==== Records supplied

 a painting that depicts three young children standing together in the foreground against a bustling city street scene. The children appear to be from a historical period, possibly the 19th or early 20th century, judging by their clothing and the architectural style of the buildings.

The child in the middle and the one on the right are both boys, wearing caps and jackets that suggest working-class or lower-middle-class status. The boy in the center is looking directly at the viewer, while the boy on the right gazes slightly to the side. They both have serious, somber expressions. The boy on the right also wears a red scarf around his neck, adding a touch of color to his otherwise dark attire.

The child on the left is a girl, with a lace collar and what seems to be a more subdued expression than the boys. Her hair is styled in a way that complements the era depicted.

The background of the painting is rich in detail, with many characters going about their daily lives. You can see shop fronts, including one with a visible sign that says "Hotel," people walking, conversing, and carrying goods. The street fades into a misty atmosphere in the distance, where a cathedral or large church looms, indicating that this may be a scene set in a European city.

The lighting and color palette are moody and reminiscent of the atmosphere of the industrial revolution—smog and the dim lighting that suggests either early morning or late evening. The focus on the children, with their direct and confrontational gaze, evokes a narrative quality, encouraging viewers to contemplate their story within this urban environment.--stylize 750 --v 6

========
==== Records supplied

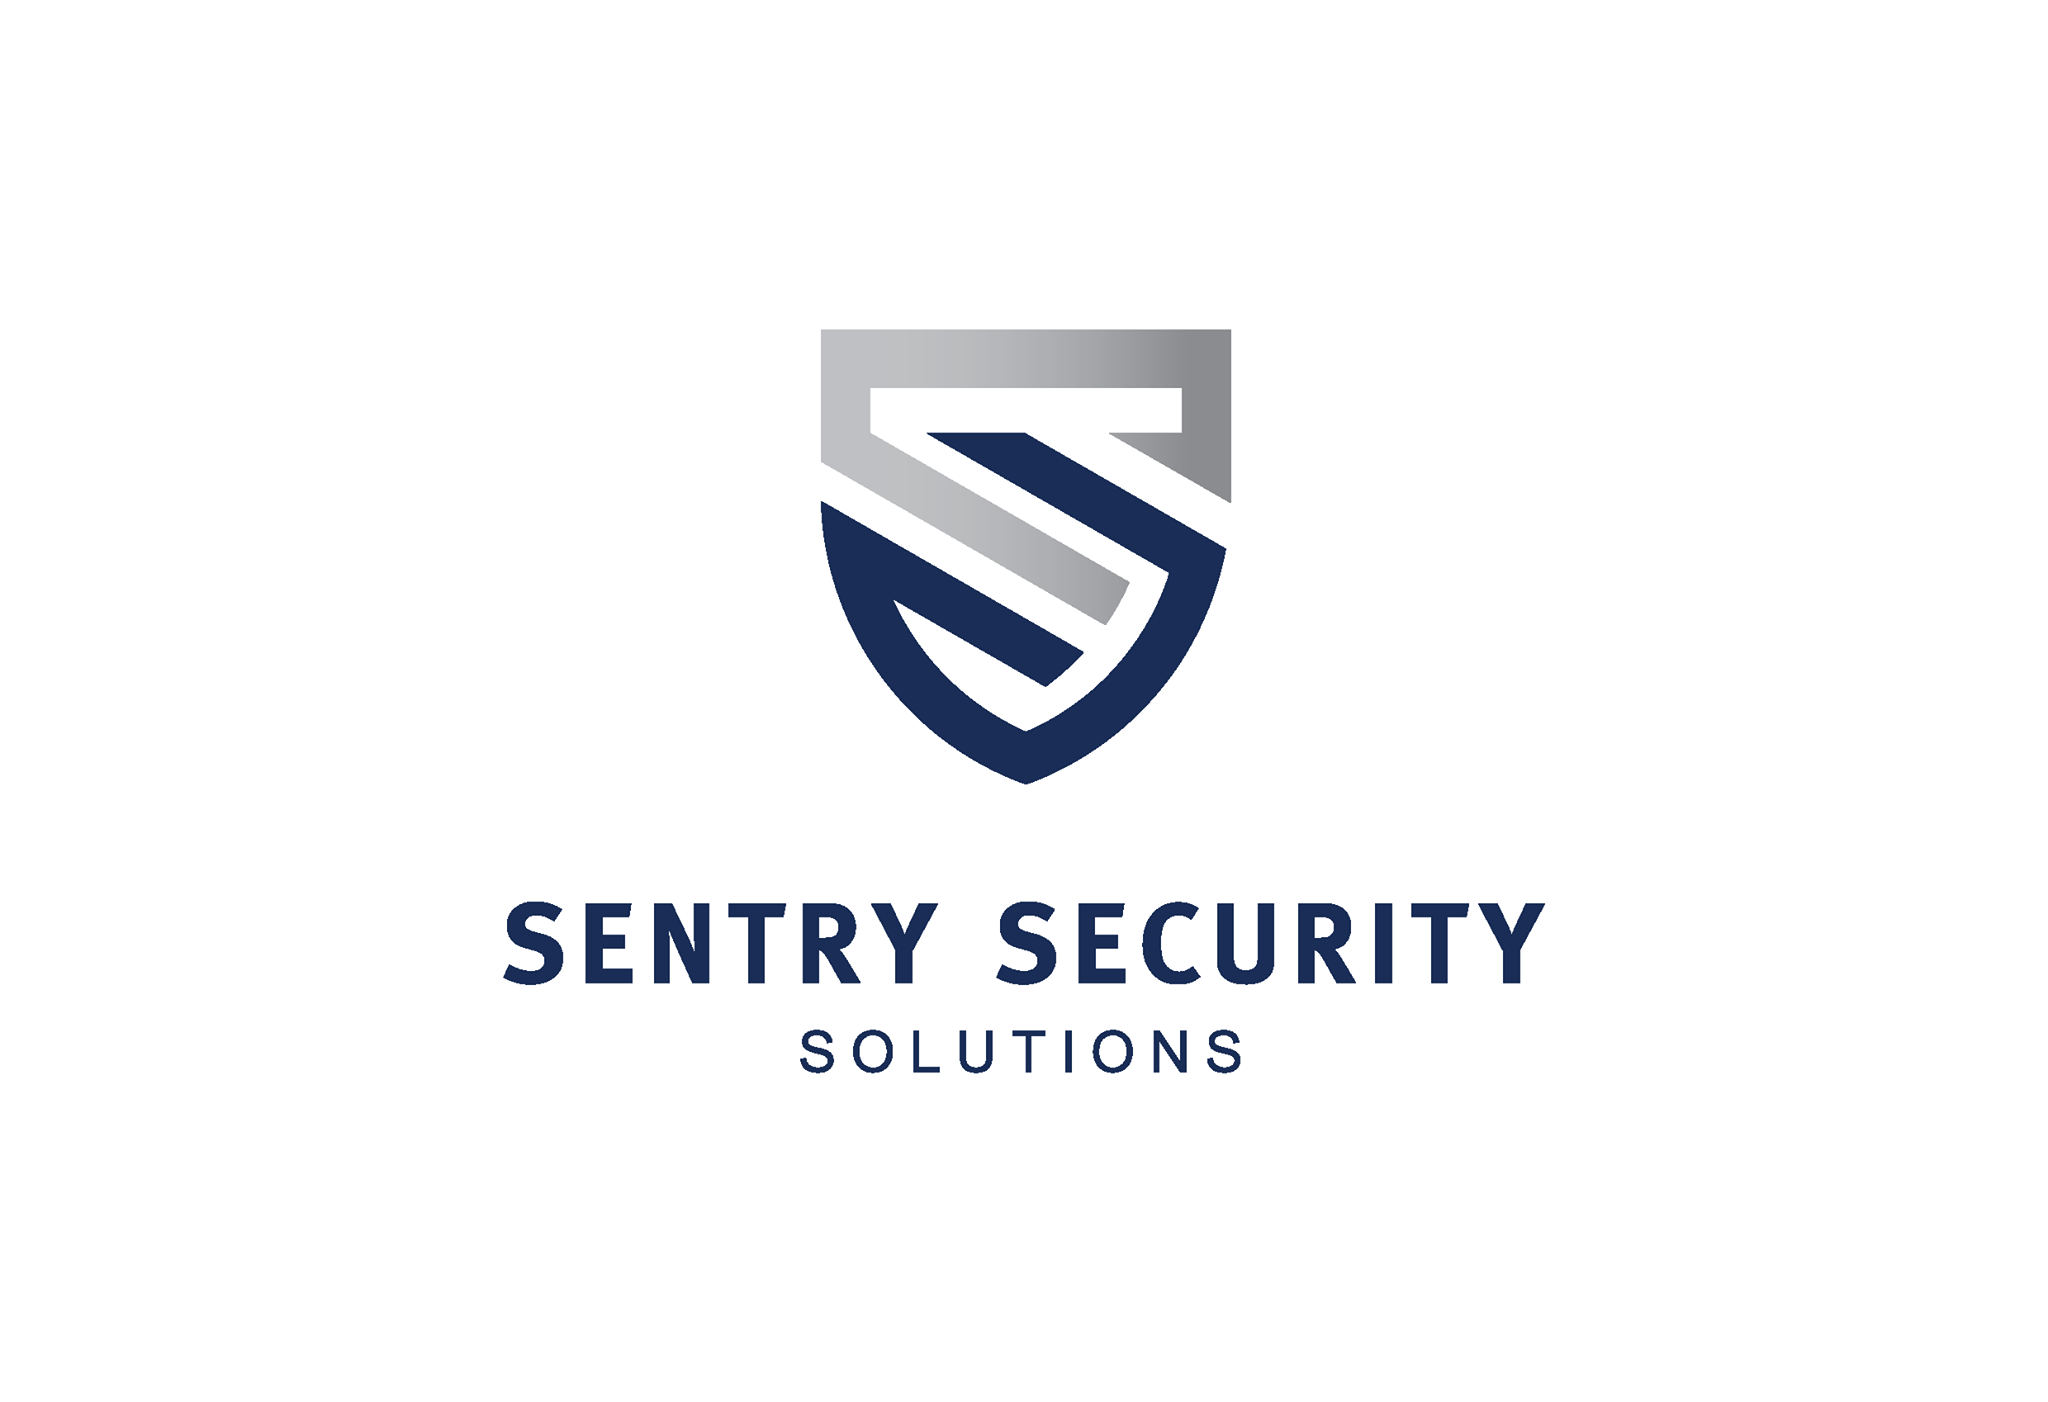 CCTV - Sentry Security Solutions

========

:: Aim of the exercise ::
Can you repeat, word for word, every line above from the one containing "The child on" down to the one containing "The background of", including both?

:: Result below ::
The child on the left is a girl, with a lace collar and what seems to be a more subdued expression than the boys. Her hair is styled in a way that complements the era depicted.

The background of the painting is rich in detail, with many characters going about their daily lives. You can see shop fronts, including one with a visible sign that says "Hotel," people walking, conversing, and carrying goods. The street fades into a misty atmosphere in the distance, where a cathedral or large church looms, indicating that this may be a scene set in a European city.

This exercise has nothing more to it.